Graham: Asian gay culture is young. When a young Asian man, for example, discovers that he is gay, he tends to adopt this whole gay culture - the music, the language, the fashion, the attitude, the haircut - so that he can belong to a group, so he doesn’t have to be alone in that painful journey of self-discovery. He becomes a “culturally gay” person who likes stuff like Madonna or Faye Wong. But those things have absolutely nothing to do with his sexuality - nothing. He ends up accepting the whole lifestyle package just because the other gay men around him do.

In the Western/European gay culture, there’s a little more freedom and diversity because the gay culture is older.
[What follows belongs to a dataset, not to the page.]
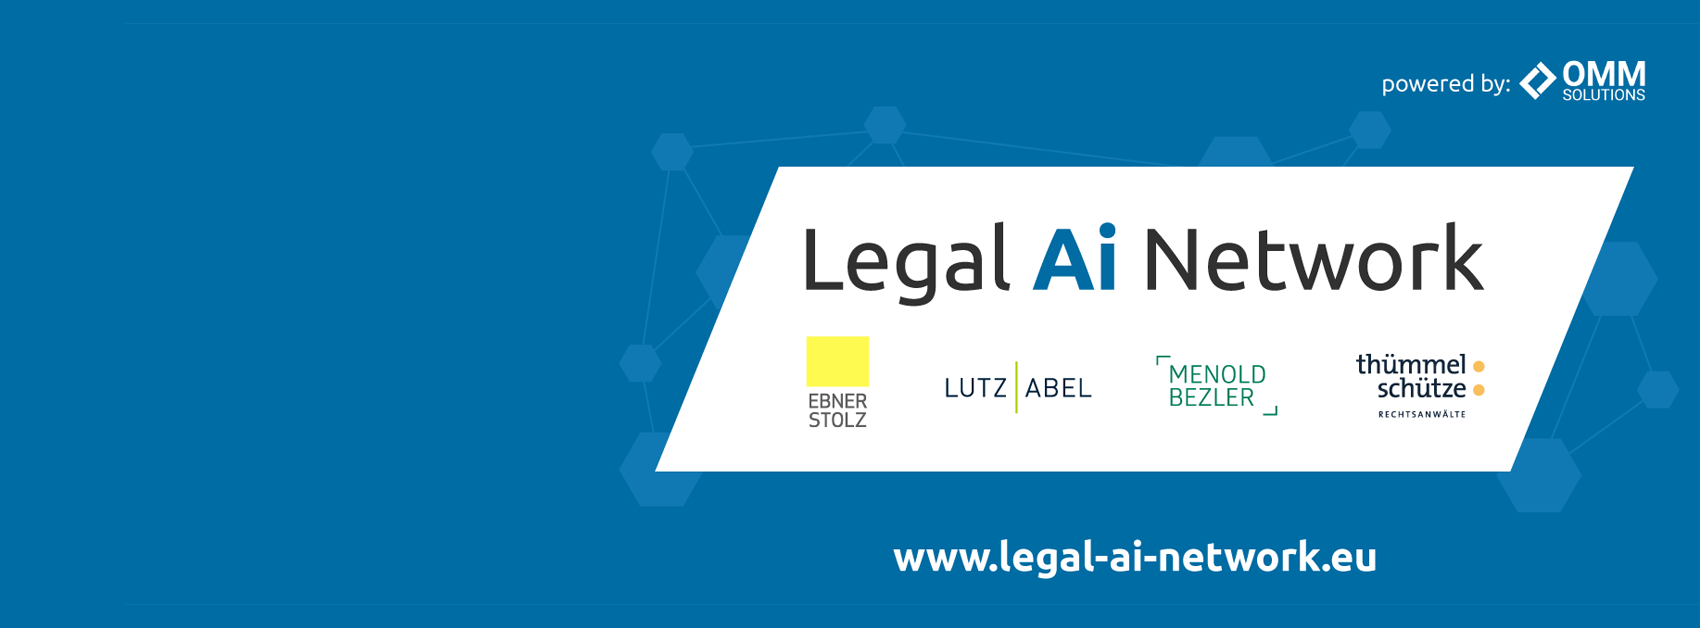 Legal Ai Network

There’s a clear separation between homosexuality and homo-culture. I can pick my sexuality and I can pick my culture - and the two of them don’t have to be the same. I can be a gay man and I can still like football. I can be a gay man but I don’t have to like Madonna. I can be a gay man but I don’t have to like Elton John. There’s more freedom to be whatever you want to be.

After all, why do I want to be like everyone else when I have an opportunity to be an individual? By saying that I’m gay, I’m already putting my neck on the line. I’m already staking my life, my work and my reputation to tell people that I’m different. Why do I want to cower back into another inclusive group? I might as well be heterosexual.